Skąd ten przydługi matematyczny wstęp? Jak wyliczyła autorka niniejszej książki w 2020 roku John Lennon obchodziłby osiemdziesiąte urodziny, mija okrągła czterdziesta rocznica zabójstwa muzyka, na dokładkę mija sześćdziesiąta rocznica założenia the Beatles w Hamburgu i zarazem pięćdziesiąta rozwiązania zespołu. Trudno o lepszą "koniunkcję".
Chociaż zdjęcia tego nie oddają, książka jest pięknie wydana, i obcowanie z tym opasłym to tomiszczem to przyjemność. Twarda oprawa jest gruba jak blanki zamku w Malborku, do tego w środku znalazło się miejsce na dwie "śliskie" wkładki z kolorowymi zdjęciami, no i edytorsko pierwsza klasa - od razu widać, że wydawnictwo ciepło pomyślało o fanach Czwórki z Liverpoolu i ich biblioteczkach i nie ma tu miejsca na dyskusję książka papierowa, czy ebook - papier bije kilobajty.

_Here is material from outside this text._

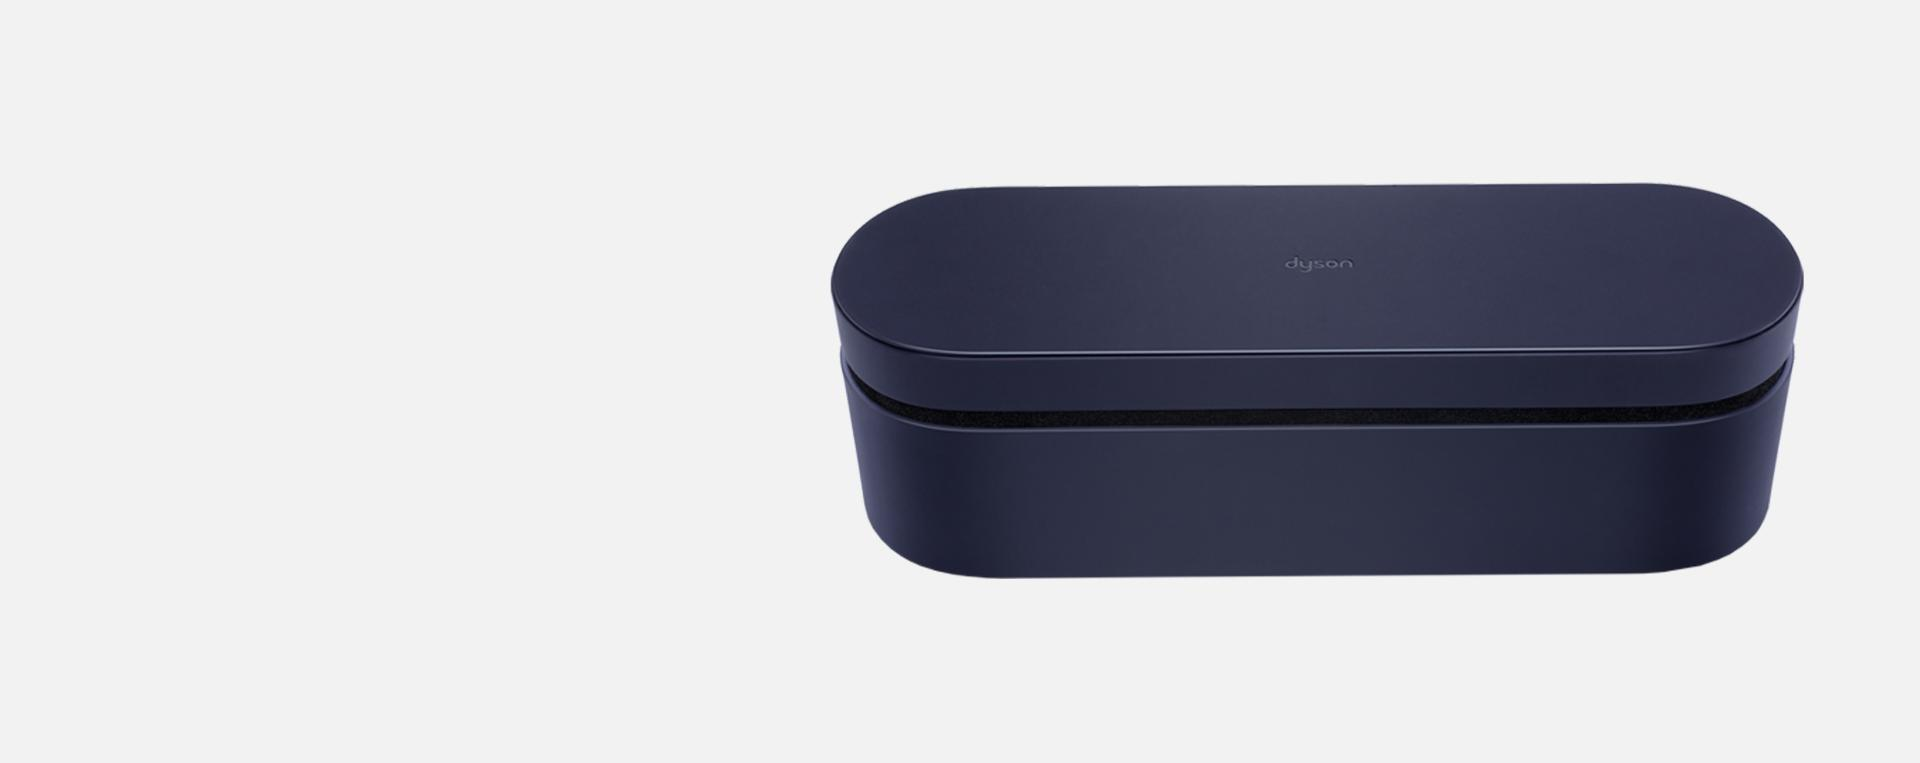 Dark blue Dyson-designed presentation case.

Przejdźmy do tego co między okładkami. Książka podzielona jest na dwadzieścia jeden chronologicznie ułożonych rozdziałów. Lesley - Ann Jones zaczyna od dziadków i rodziców, by powoli przejść do samego Johna i po kolei opisać kolejne etapy jego życia, tak muzycznego, jak i prywatnego. Książkę kończy sześć krótkich i zupełnie moim zdaniem niepotrzebnych (może poza kalendarium i przypisami) części, z których dowiadujemy się co inni sądzą o beatlesach, albo jakie piosenki Beatlesów autorka lubi najbardziej, co niepotrzebnie pompuje książkę.
"Kto zabił Johna Lennona" nie jest biografią artysty, ani w żadnym razie jego mordercy. Zdecydowanie bliżej jej do reportażu. Pytanie w tytule należy traktować retorycznie, lub raczej jako przyczynek do rozważań nad osobowością Lennona i jego związkach uczuciowych z rodziną, przyjaciółmi, ale przede wszystkim związkach z kobietami , nie tylko miłosnymi (Cynthia, Yoko), ale (może przede wszystkim) rodzinnymi, i muszę przyznać, że zagłębianie się w czyjąś osobowość, czasami bardzo głęboko, było fascynujące. W książce znajdziemy również wiele rozmów z osobami, które znały Johna, jego współpracownikami, czy z byłą żoną Cynthią, chociaż niestety zabrakło tych najważniejszych rozmówców mianowicie Paula McCartneya i Ringo Starra.
Książka jest też świetnym opisem epoki Beatlesów co z jednej strony pozwoli się czytelnikowi nie znającemu za bardzo historii zespołu odnaleźć się w ich czasach, ale też zobrazować zmiany jakie dokonali (świadomie, czy nie) w kulturze.
Co irytuje w "Kto zabił..." to często stosowany przez autorkę zabieg polegający na stawianiu pytań w rodzaju "co wtedy czuł John?" wraz z idącymi za nimi odpowiedziami, że "musiał czuć to i tamto", co sugeruje czytelnikowi pewien punkt widzenia, oraz to, że rozmówcy Jones zawsze zdawali się potwierdzać jej tezę, obojętnie o co by ich nie zapytała, no i jej dziwna awersja do McCartneya.
Czy fani Czwórki z Liverpoolu znajdą w tej książce jakieś nowe fakty o Lennonie swoim ulubionym zespole? Myślę, że analiza osobowości Lennona może okazać się ciekawa, natomiast jeśli chodzi o fakty raczej nie, za to dla czytelników umiarkowanie zainteresowanych Beatlesami lektura "Kto zabił..." może okazać się niezwykle interesująca, szczególnie, że Lesley - Ann Jones ma niezwykle lekkie pióro, dzięki czemu lektura naprawdę potrafi wciągnąć, w każdym razie autorka odwaliła kawał dobrej roboty.